◆ RECORDS PROVIDED
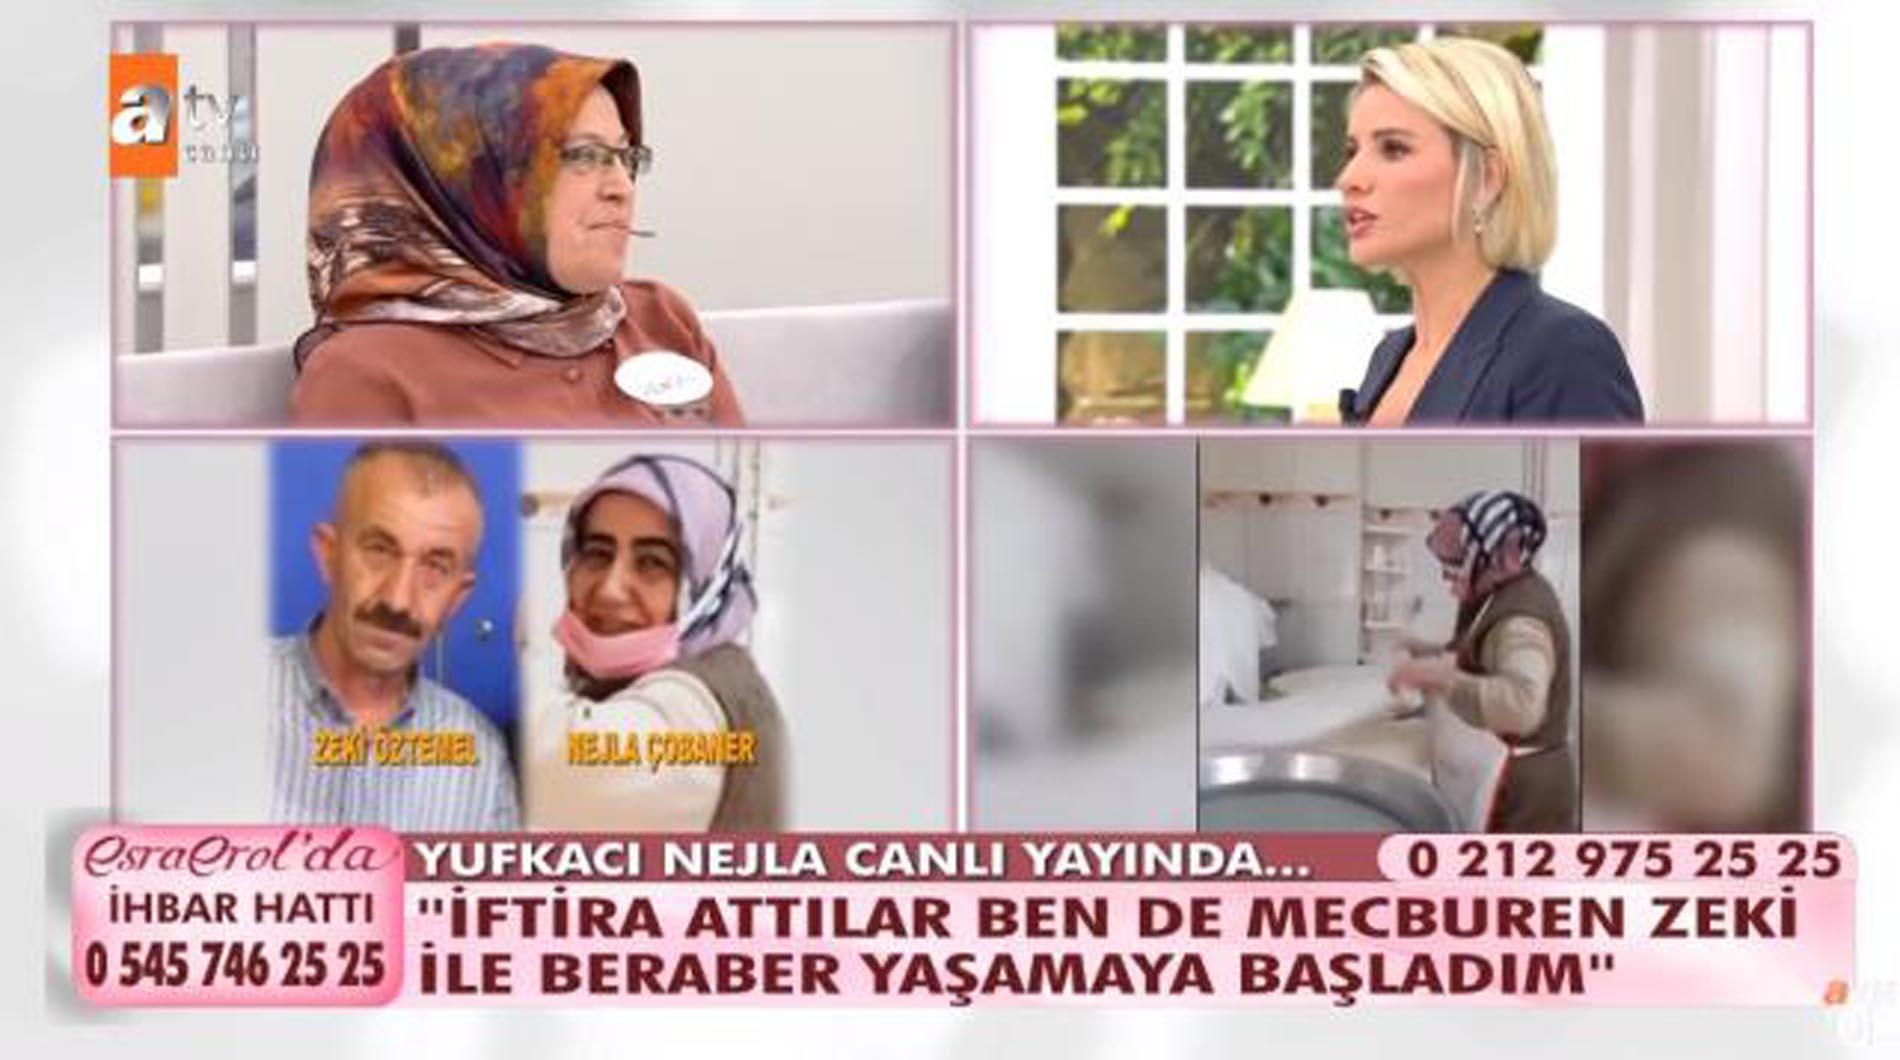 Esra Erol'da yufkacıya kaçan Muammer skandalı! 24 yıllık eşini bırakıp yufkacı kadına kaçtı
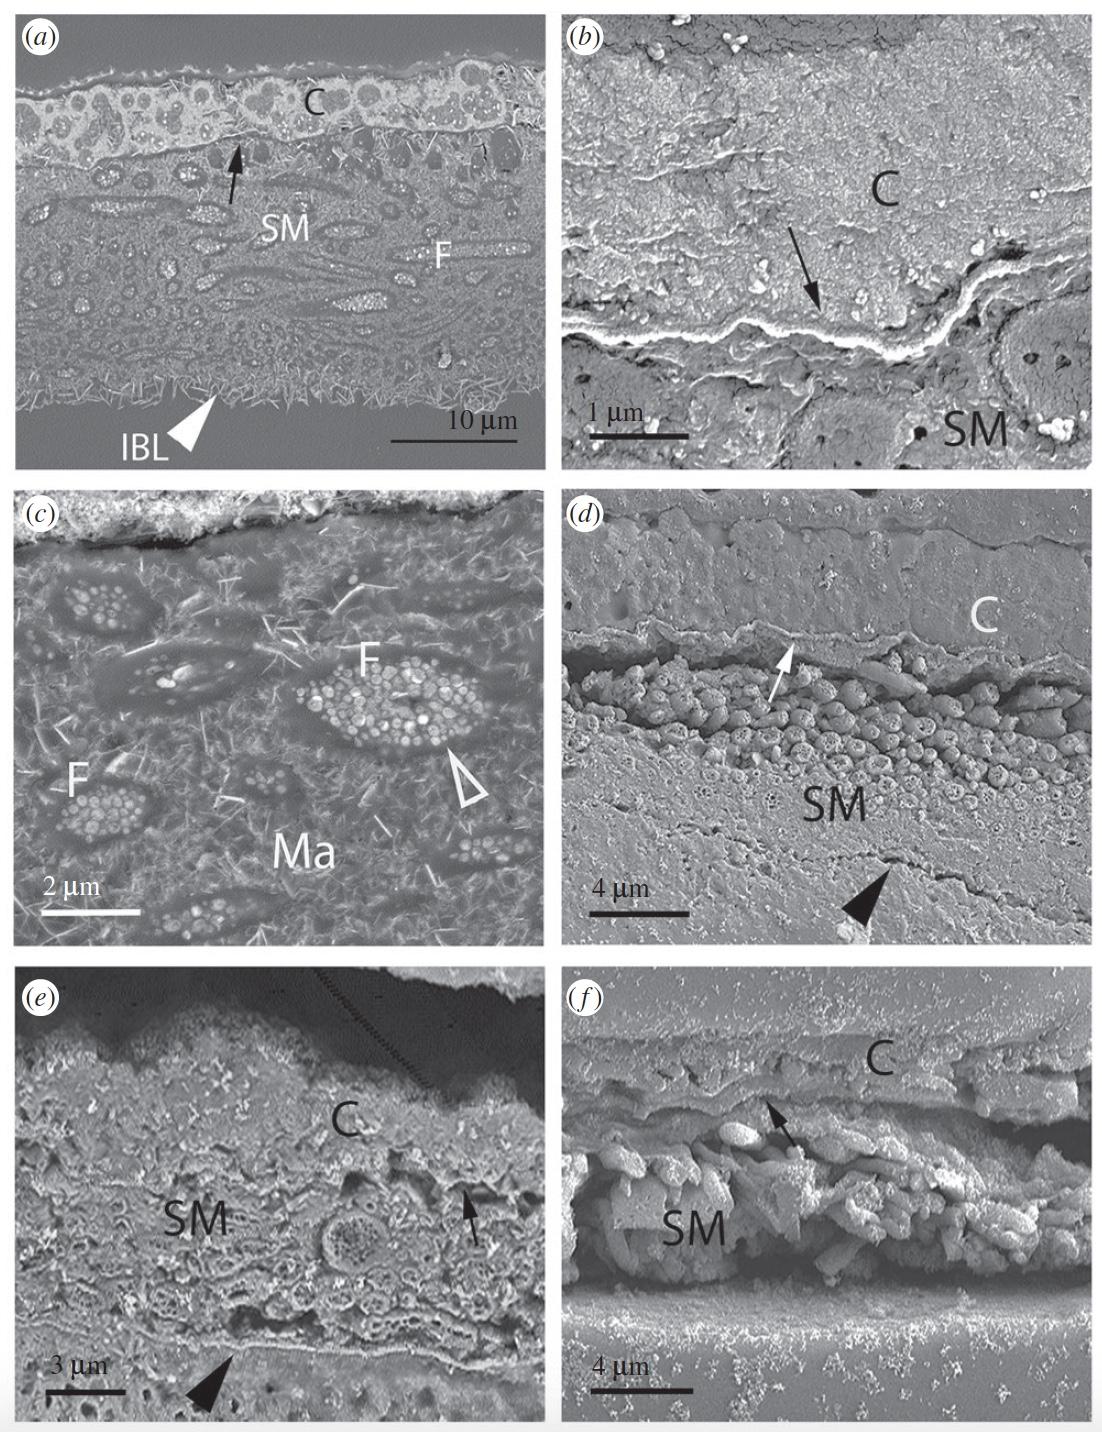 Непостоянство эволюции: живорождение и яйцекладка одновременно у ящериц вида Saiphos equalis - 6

* * *

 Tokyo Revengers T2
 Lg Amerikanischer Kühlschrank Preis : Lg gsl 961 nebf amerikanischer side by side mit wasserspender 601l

◆ ACTION ITEM
Start with the line with "Esra Erol'da yufkacıya" in the listing above and stop after the line with "Непостоянство эволюции: живорождение". Write out exactly the lines in that stretch and no others, without pictures.

◆ SOLUTION FOR THIS TASK
 Esra Erol'da yufkacıya kaçan Muammer skandalı! 24 yıllık eşini bırakıp yufkacı kadına kaçtı
 Непостоянство эволюции: живорождение и яйцекладка одновременно у ящериц вида Saiphos equalis - 6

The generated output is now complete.